(Dataset items)
__________________________________________________
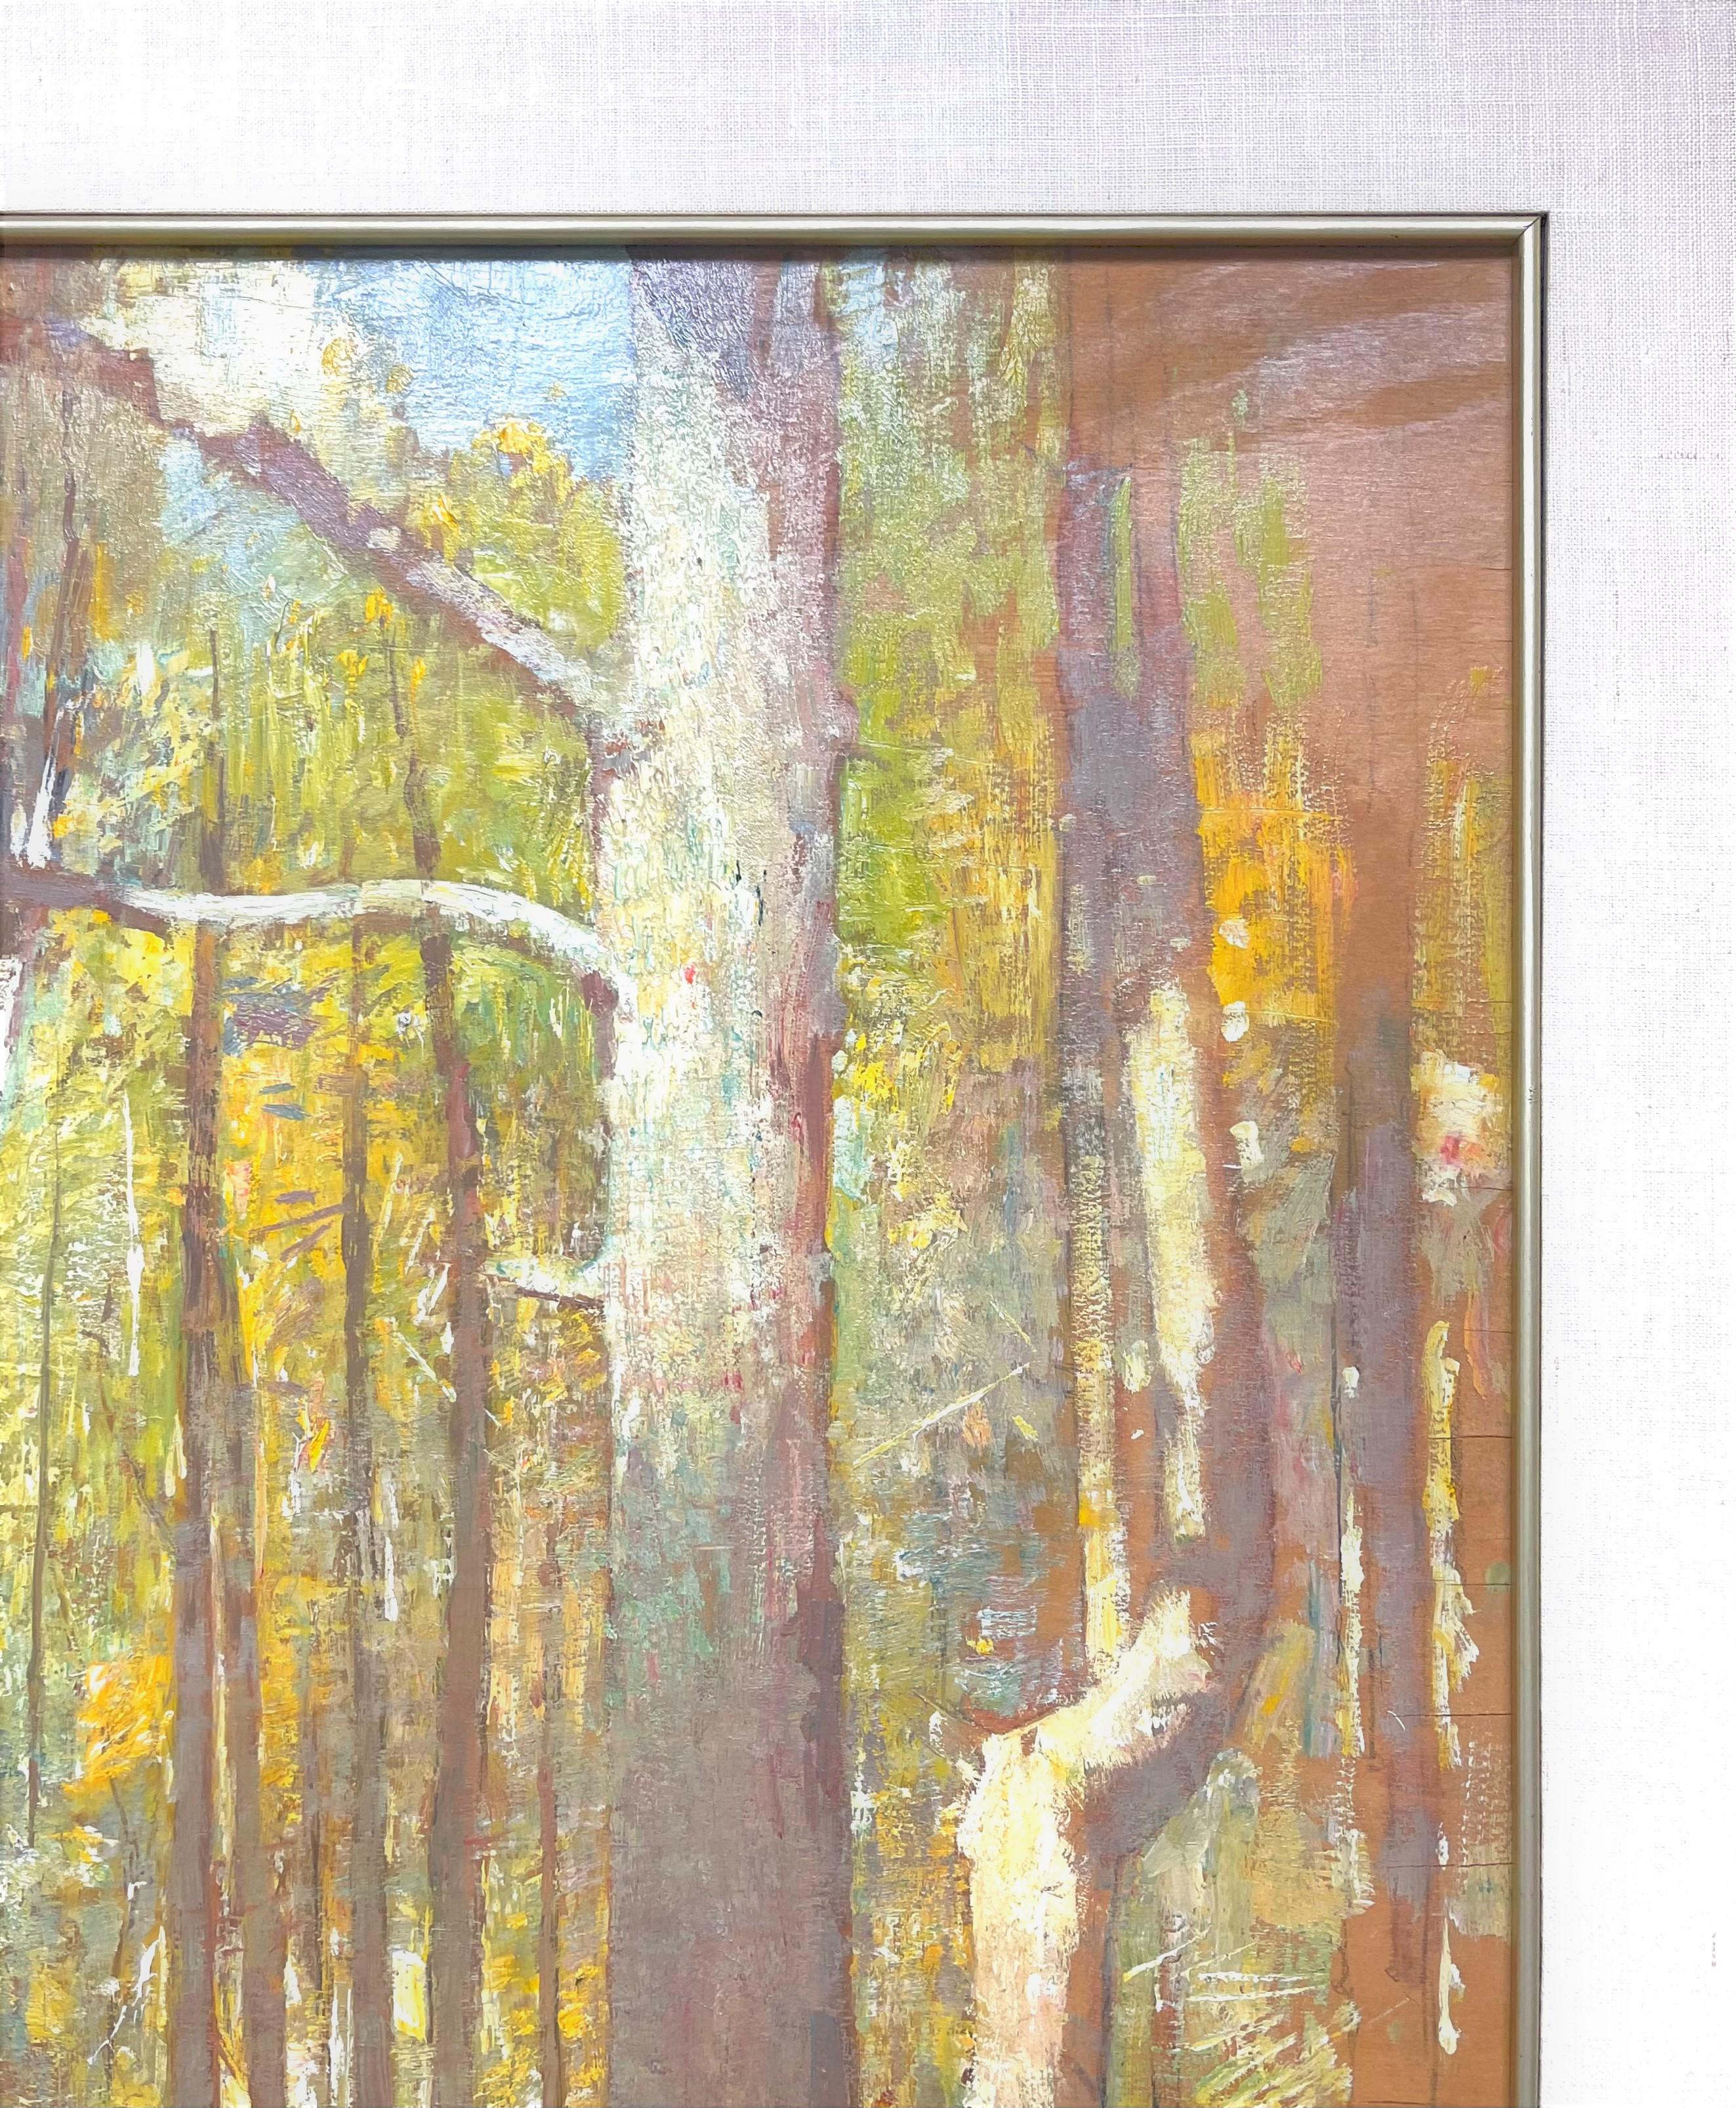 Yellow Landscape/Wood Interior/Birch Forest
3 different titles on 3 labels
DESCRIPTION
Yellow Landscape   oil /panel
bears Florence G. Carlsen Estate stamp on Brett Mitchell Collection label
image 20 x 24
CONDITION
Framed 34 1/2 x 30 1/2 
Minor
__________________________________________________
*What needs to be done*
Would you output all of the entries above exactly, keeping the pictures out?

*Solved exercise*
 Yellow Landscape/Wood Interior/Birch Forest
3 different titles on 3 labels
DESCRIPTION
Yellow Landscape   oil /panel
bears Florence G. Carlsen Estate stamp on Brett Mitchell Collection label
image 20 x 24
CONDITION
Framed 34 1/2 x 30 1/2 
Minor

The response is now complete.